Heading into Thursday’s night game with the Toronto Maple Leafs, the Stars had been out-possessed in four straight games, have been outshot in each of those contests, and this past weekend against the Philadelphia Flyers, they somehow let in three shorthanded goals in one game. 

Then they lost 4-1 to the Maple Leafs. 

Despite that, they’ve also been one of the NHL’s most successful teams: Dallas’ .750 points percentage is fourth in the NHL, trailing only the Boston Bruins, and Colorado Avalanche, Vegas Golden Knights, the latter of whom the Stars were two posts in a shootout away from switching places with in the league standings.

All of that serves as an important reminder of the expectations—and pressure—surrounding the Stars this season.

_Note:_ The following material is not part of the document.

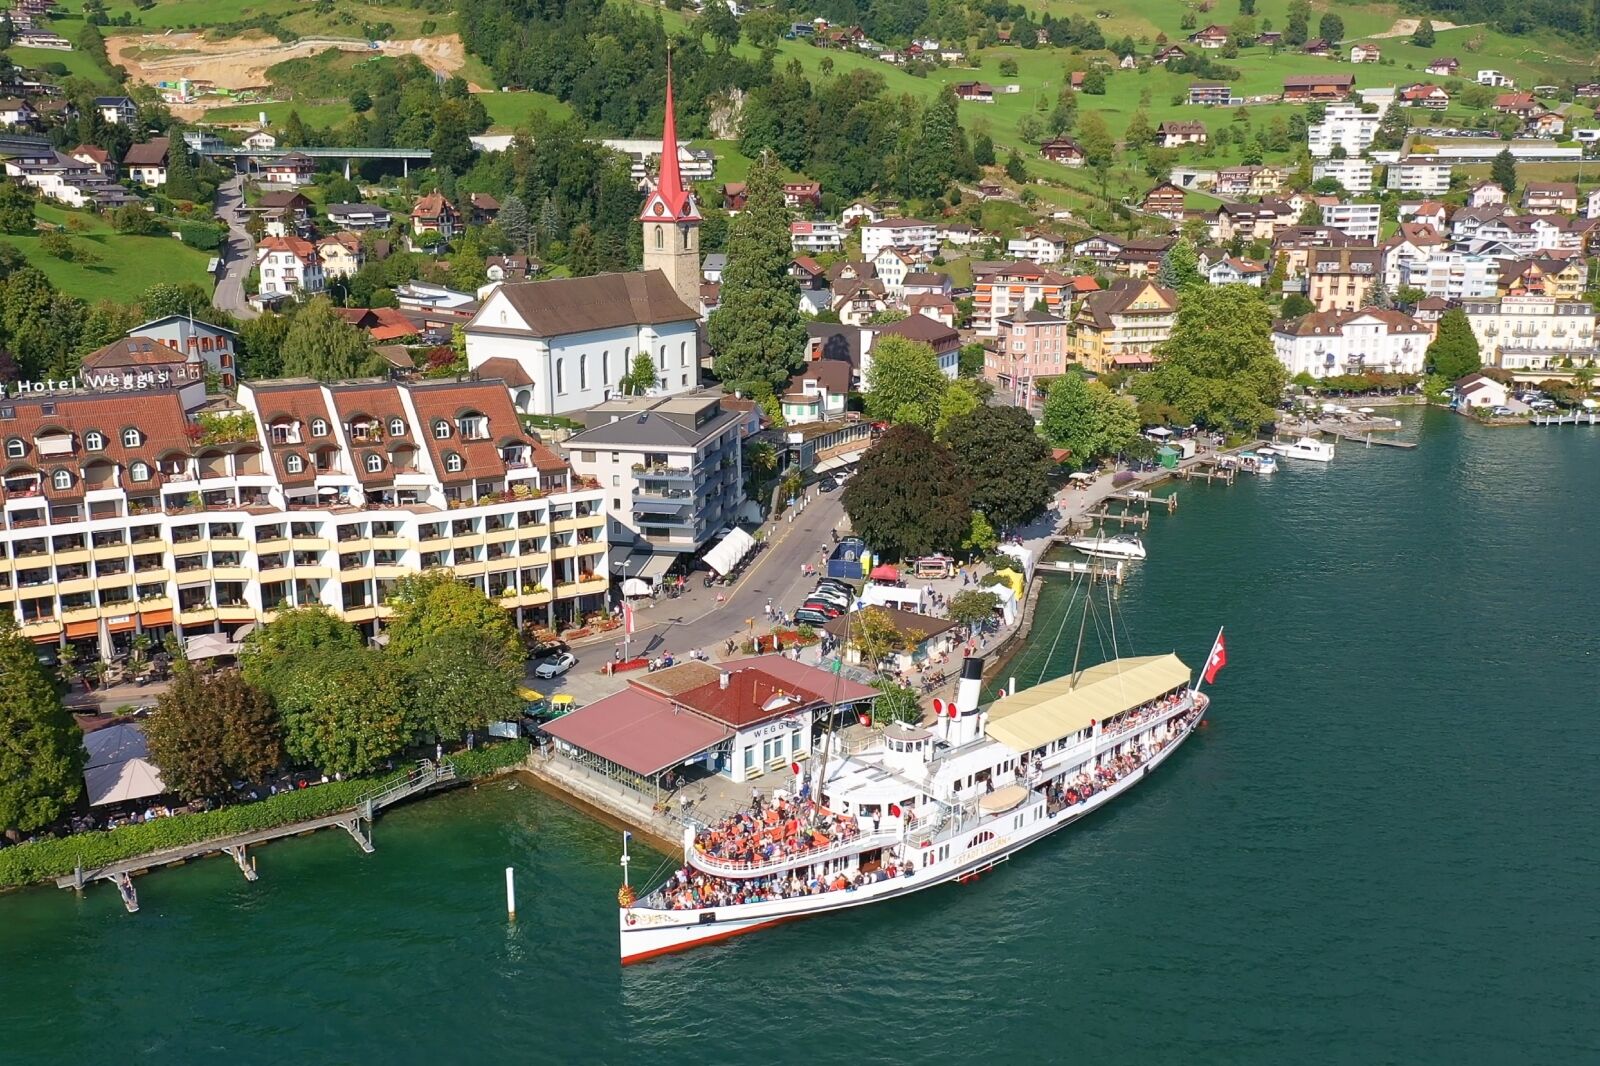 Stadt Luzern, flagship steamer of Lake Lucerne free with Swiss Travel System pass

Unlike the Cinderella Texas Rangers, who have now danced into the World Series for the first time since 2011, the Stars are an NHL behemoth expected to rank among the Stanley Cup favorites. The regular season is a means to an end with this team, and for Dallas to reach its full potential in the playoffs, the next six months must be about Pete DeBoer maximizing the depth Jim Nill invested in this offseason. 

Because while you often hear about the impact a deep roster can have during a Stanley Cup chase, the ability to ease strain during the 82-game regular season creates a platform for championship-winning teams to build on. Look no further than the Stars’ foil, Vegas, whose depth forwards have helped carry the Golden Knights to that undefeated start. The fourth line of Will Carrier, Nicolas Roy, and Keegan Kolesar were the difference in the 5-2 win at Chicago on Saturday. On Tuesday, third-liner Paul Cotter did the heavy lifting in the 3-2 win over the Philadelphia Flyers. And the difference in last week’s victory over the Stars was depth defender Kaedan Korczak, who made the offensive difference in regulation. 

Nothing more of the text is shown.